> **WHAT THIS TASK INVOLVES**
Beginning at the line that contains "Wall-mounted cabinet, maple, walnut, wengé, brass, Italy, 1960s", reproduce the entries below exactly, ending with the line that contains "A scenic marquetry". Omit each picture.

> **MATERIAL FOR THIS EXERCISE**
________

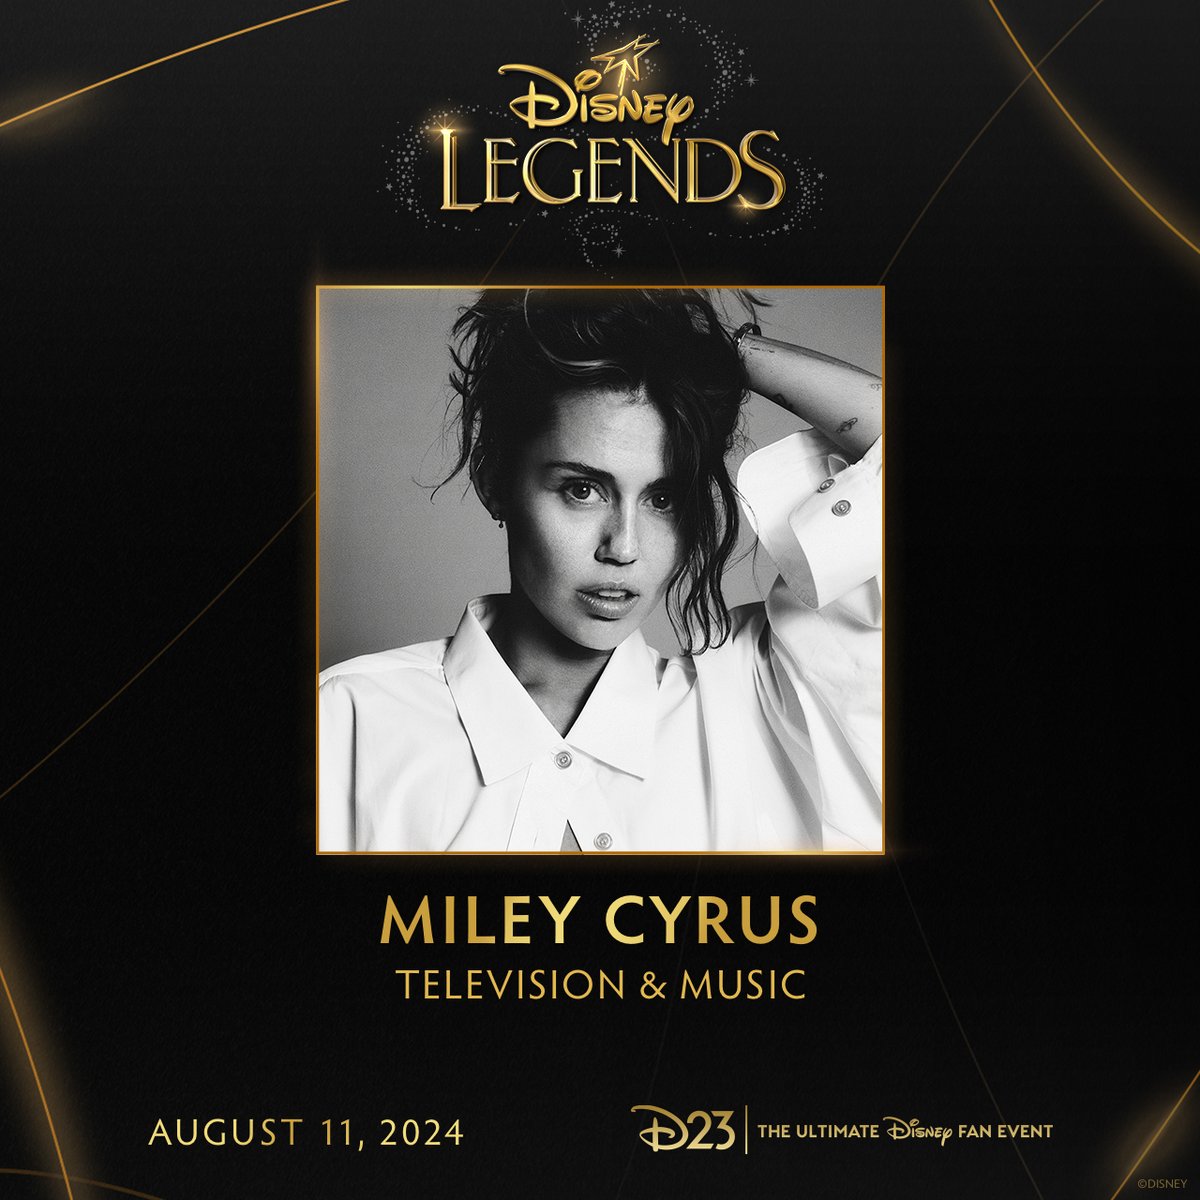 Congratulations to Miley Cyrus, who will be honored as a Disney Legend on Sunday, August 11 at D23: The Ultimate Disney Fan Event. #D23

________

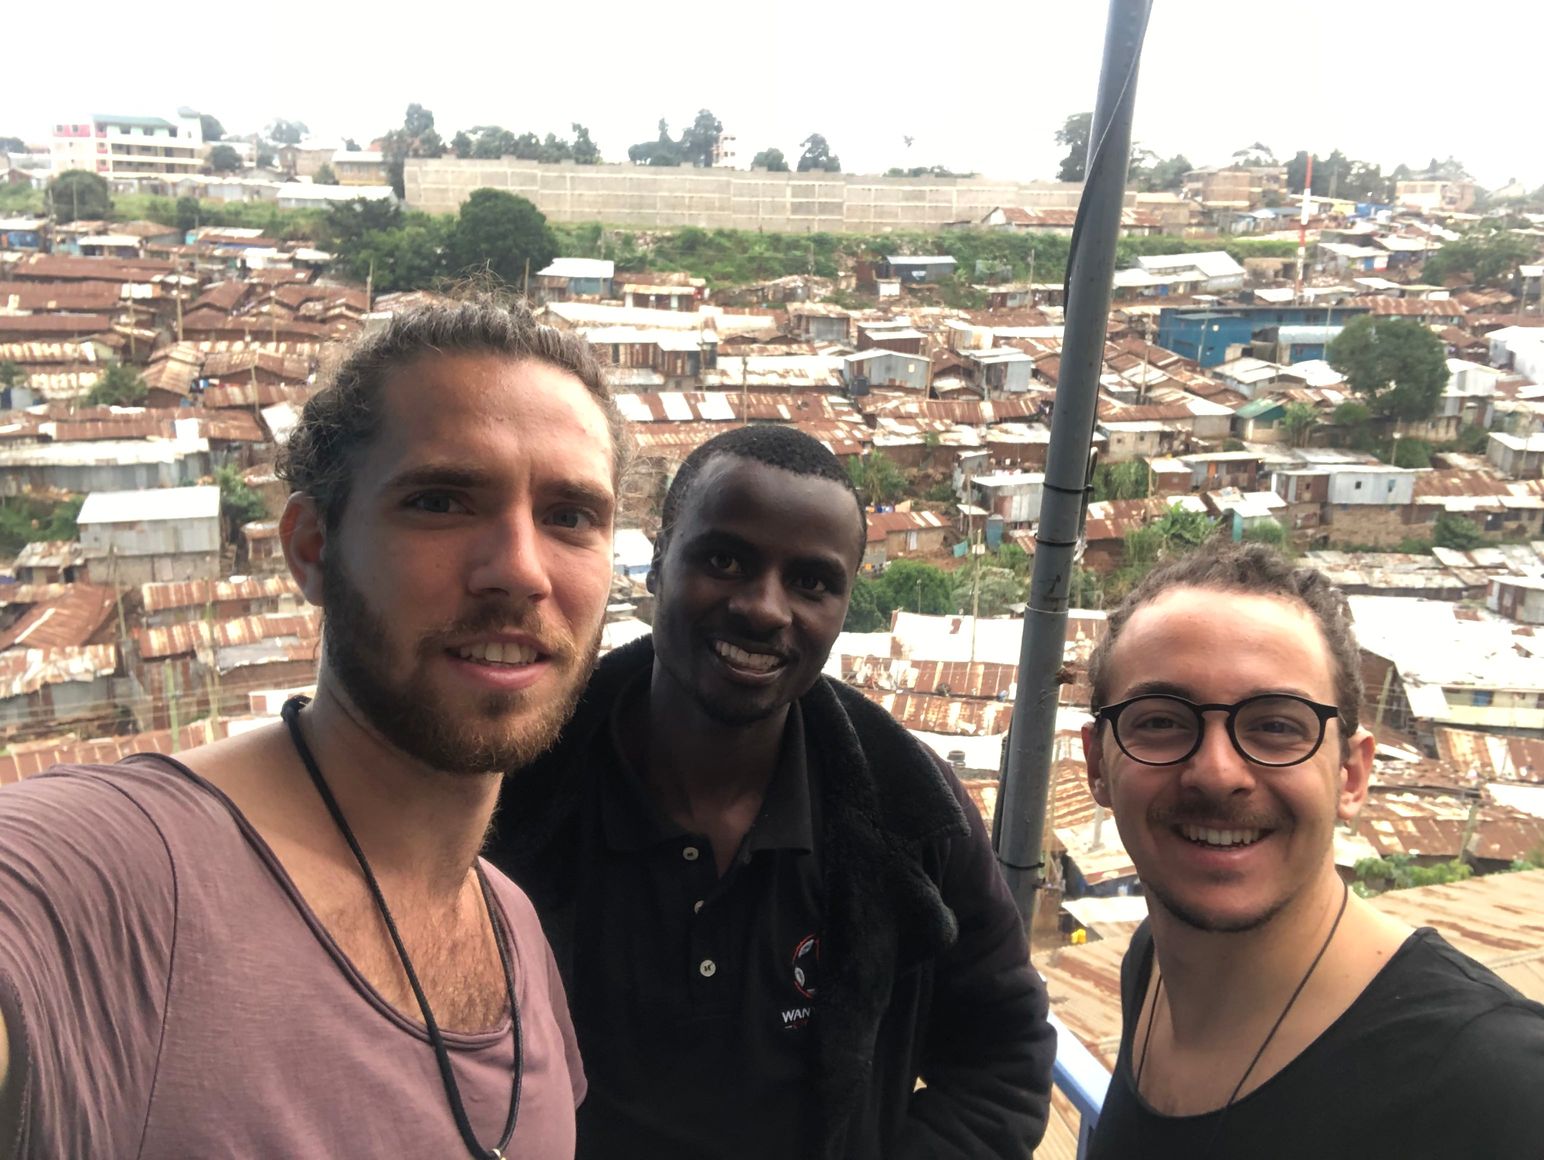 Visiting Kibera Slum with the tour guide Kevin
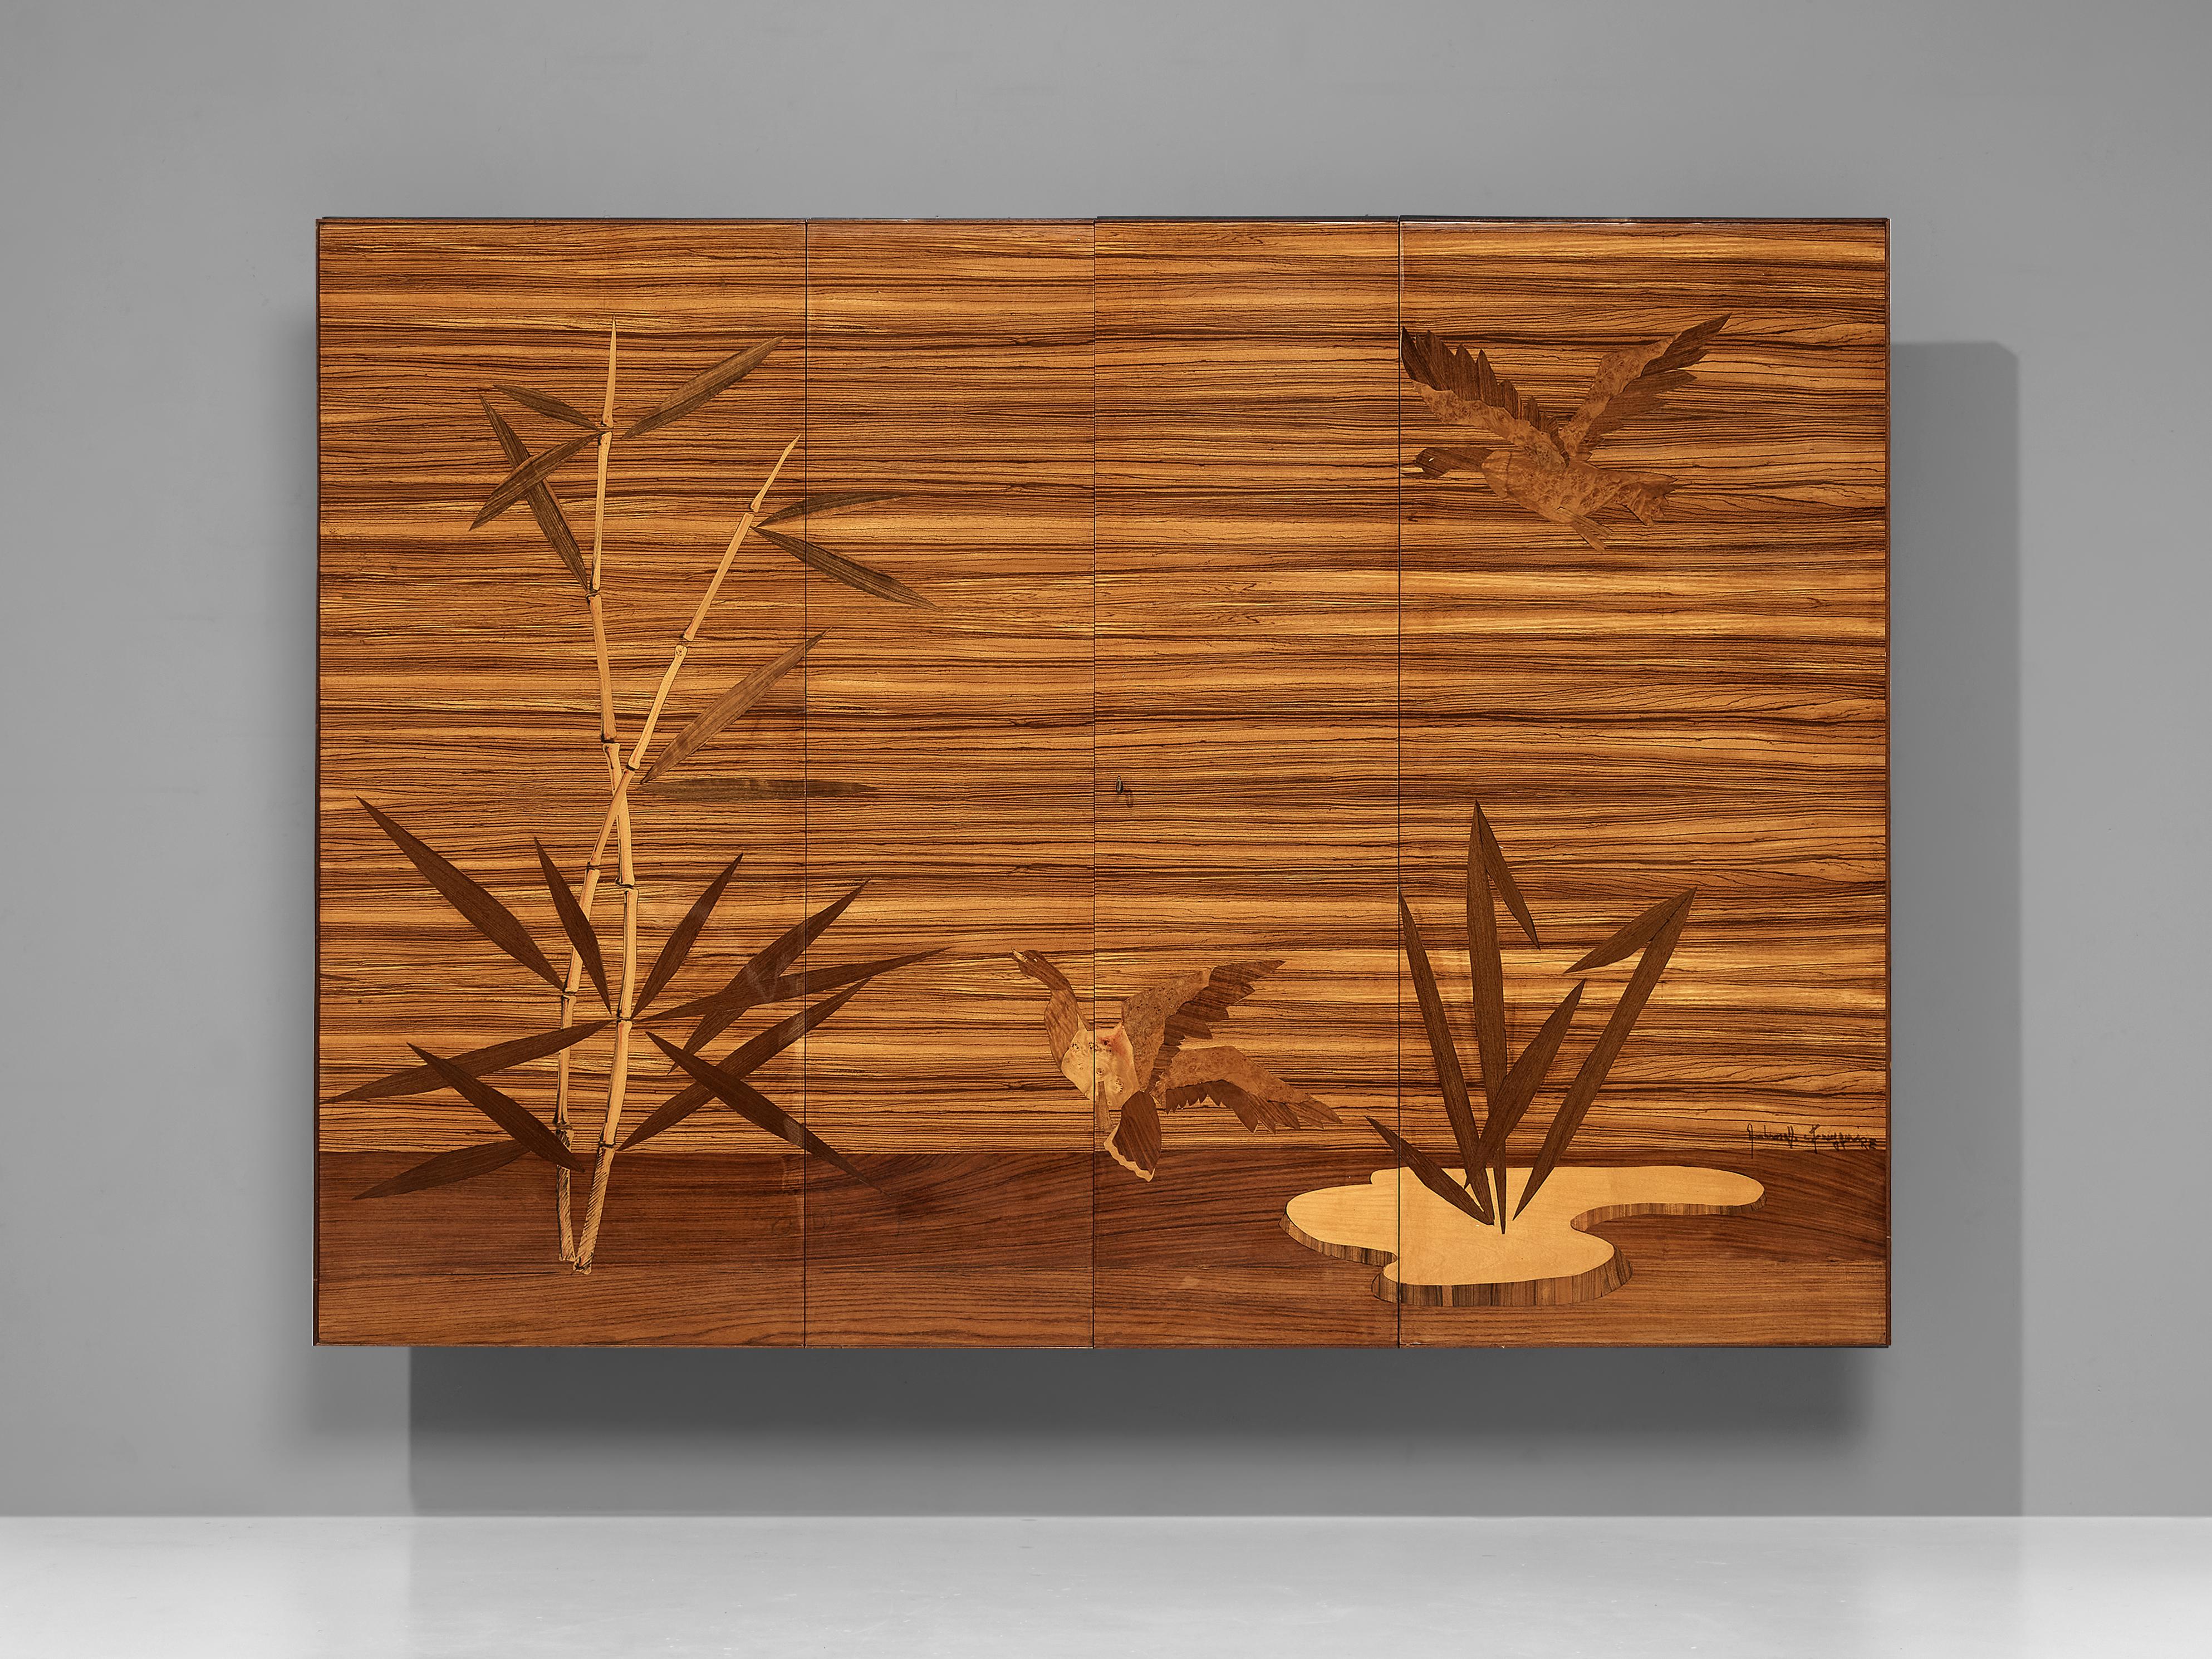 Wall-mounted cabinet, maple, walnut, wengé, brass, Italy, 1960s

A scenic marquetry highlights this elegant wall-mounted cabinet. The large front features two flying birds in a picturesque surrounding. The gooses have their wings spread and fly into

________

> **TASK RESULT**
 Wall-mounted cabinet, maple, walnut, wengé, brass, Italy, 1960s

A scenic marquetry highlights this elegant wall-mounted cabinet. The large front features two flying birds in a picturesque surrounding. The gooses have their wings spread and fly into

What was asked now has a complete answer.